If the purpose of fingerprint-based timekeeping also involves implementing public health protection measures (for companies with certain activity profiles, for which the law imposes additional security, hygiene measures, etc.), then a distinct ground for processing arises – fitting under Article 6(1)(d) GDPR, beyond the operator's own rights and interests, in which context the system use GDPR exceptions from Article 9(2)(a) (protecting the vital interests of a third party), (h) (preventive occupational medicine), and/or (i) (regarding public interest reasons) could be more easily justified. Here, too, obviously, the justifications are subject to the broad discretion of the Supervisory Authority.
*
4. For implementing the system in companies where there are no such specific legal obligations – according the Romanian court decisions we can say so far that the prior consent of data subjects is not enough.
It is true that keeping time records and, even more so, maintaining an accurate record in this regard falls both within the legal obligations and the corresponding legal rights of the employer.
However, the way in which a company chooses to keep these records is more in the sphere of its legitimate interests, in which context the lawfulness of processing is given by the prevalence of these interests over the rights and interests of the data subjects.
European authorities, when concluding on the lawfullness of biometric data processing in general, on "higher" grounds from the public sphere, necessarily refer to the general principles under which any processing must be carried out, including proportionality – see Paragraph (51) of the GDPR Preamble.
This was also the reasoning for which, under Article 4(c) of Law 677/2001 (the previous law in the field), the Bucharest Court of Appeal considered that the data subjects' prior consent does not remove the proportionality requirement – thus mere consent would not be sufficient.
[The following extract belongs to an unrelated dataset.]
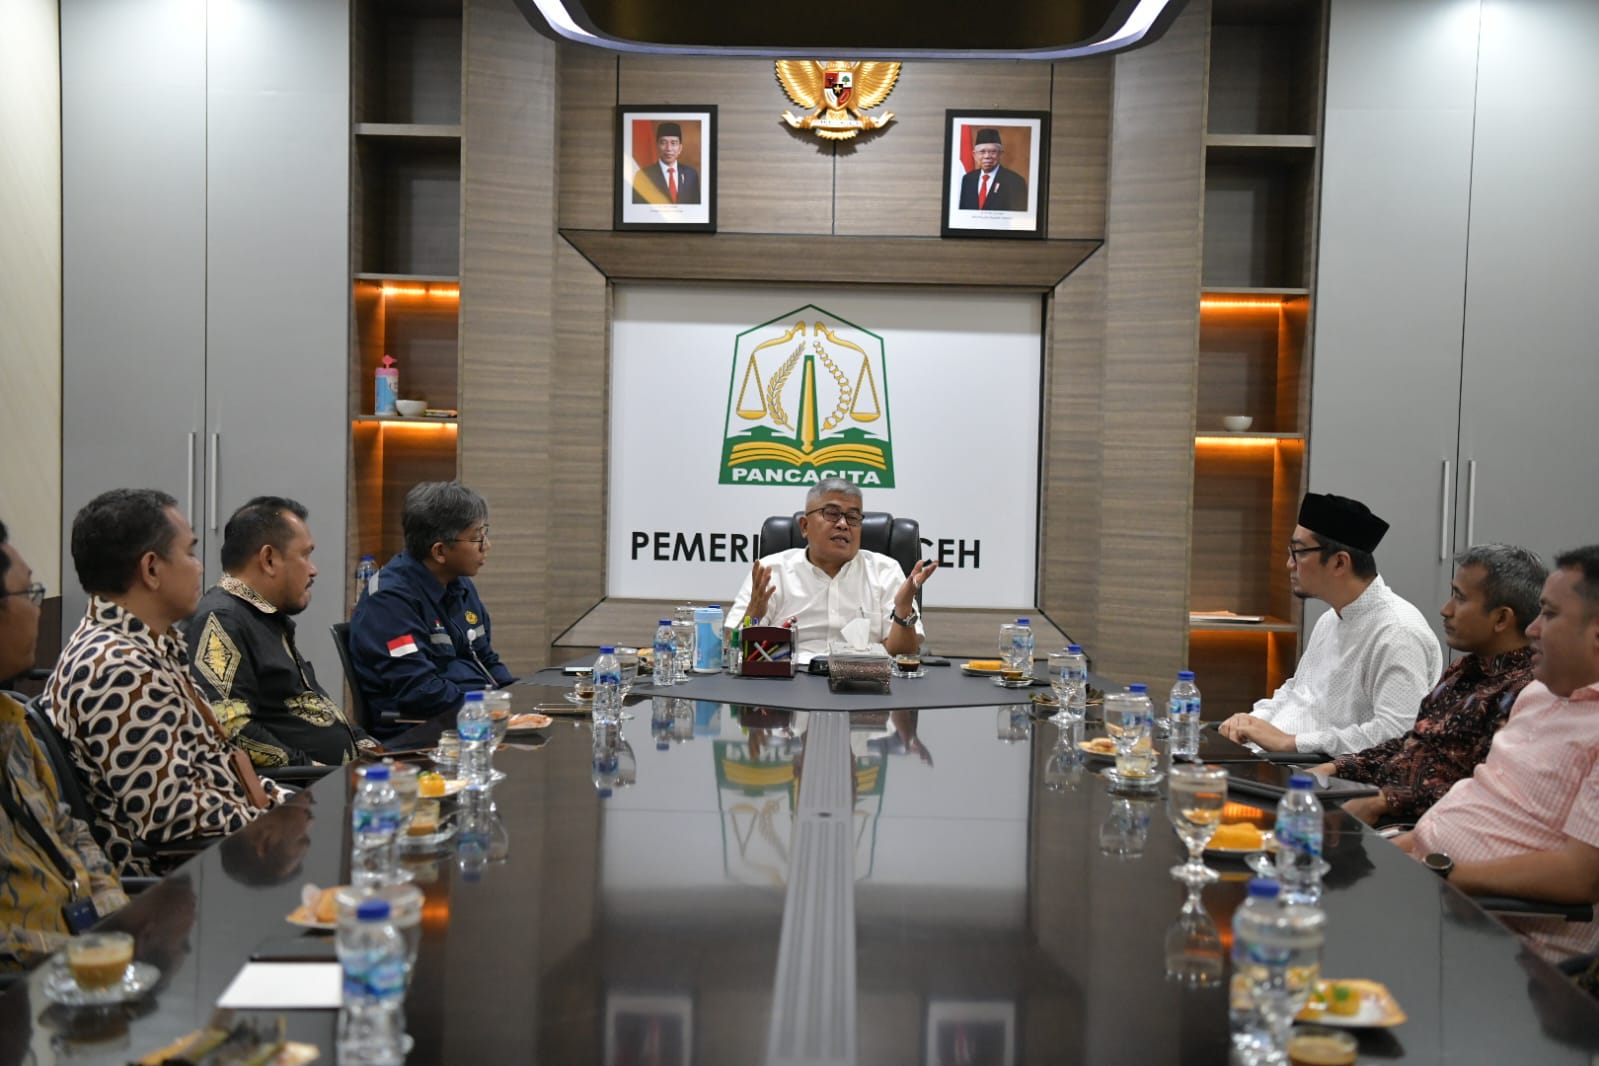 Pj Gubernur: Insya Allah, Temuan Baru Mubadala Beri Manfaat Ekonomi Bagi Aceh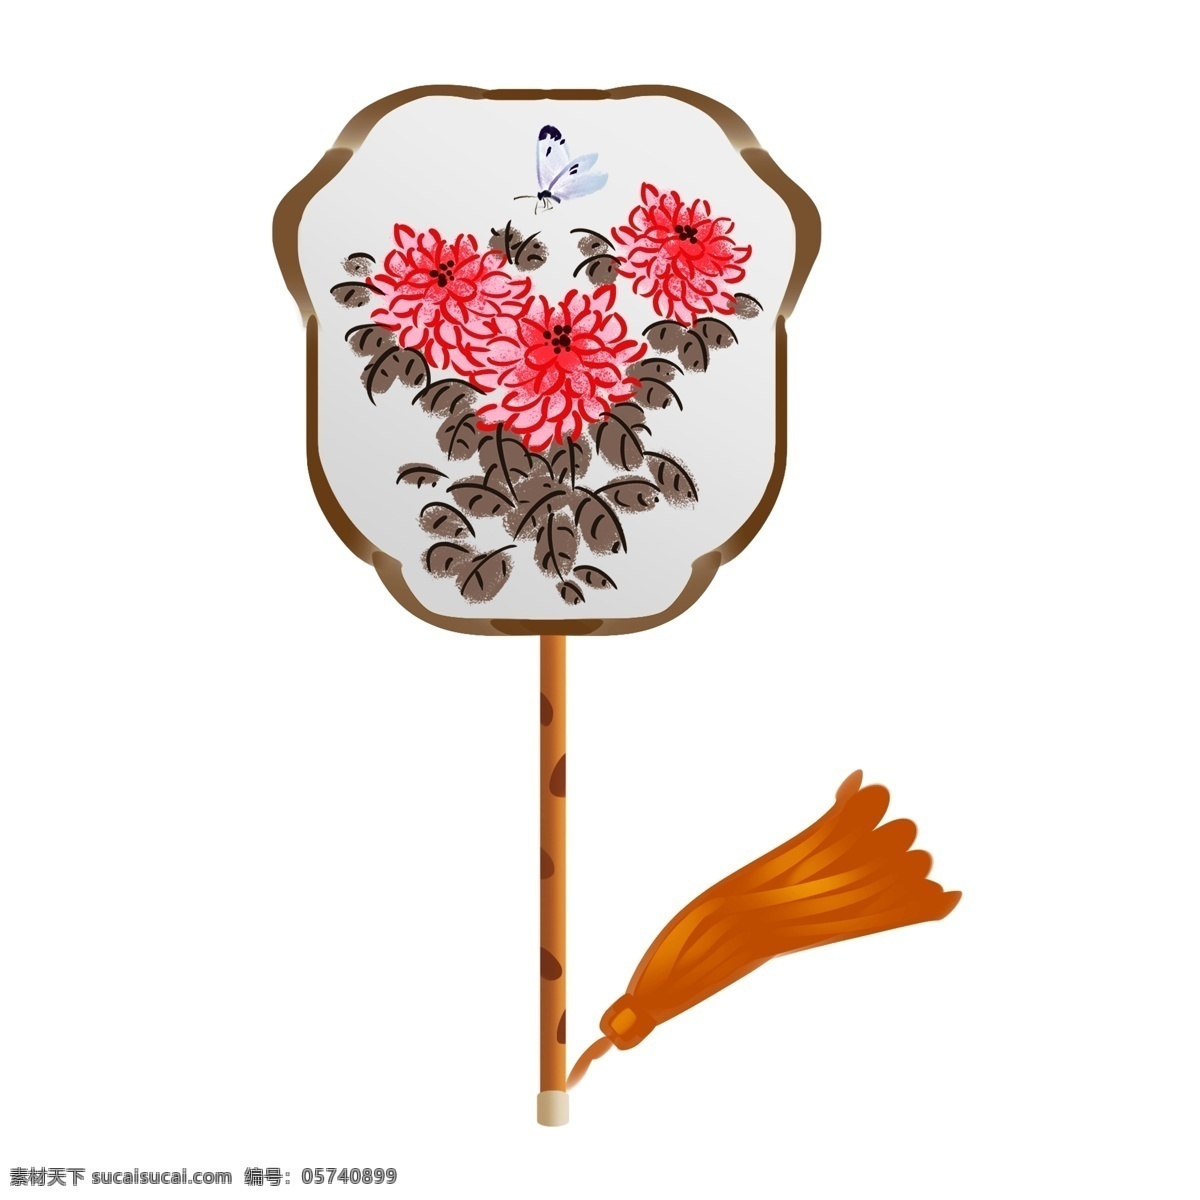 中国 古典 印花 扇子 水墨风 插画 中国风扇子 浅绿色扇子 卡通扇子 红色鲜花 花朵扇子

An interpretation of the new regulation in the manner described above would lead to the same conclusion.
Regarding the argument in favor of these systems concerning a more accurate record, the authority argued in court that accuracy is not achieved anyway because the data provided by these systems strictly attest to entry/exit times from the unit, not the actual working times within the unit.
*
To minimize risks, we believe that the conditions listed in Article 5(2) of Romanian Law 190/2018 must be ensured in any case:
a) A prior impact assessment must be conducted before starting to use the system, in which:
b) If the impact assessment conclusions are favorable, the employer will consult the union or, as the case may be, employee representatives before introducing the systems and will prepare the evidence regarding the result of this consultation.
c) The mandatory, complete, and explicit prior information of employees will be carried out, and, if applicable, their consent will also be obtained, keeping the relevant evidence
d) GDPR implementation documents for this system will establish reasonable storage periods, specific security and confidentiality measures and employees involved in using the system will be instructed about this measures.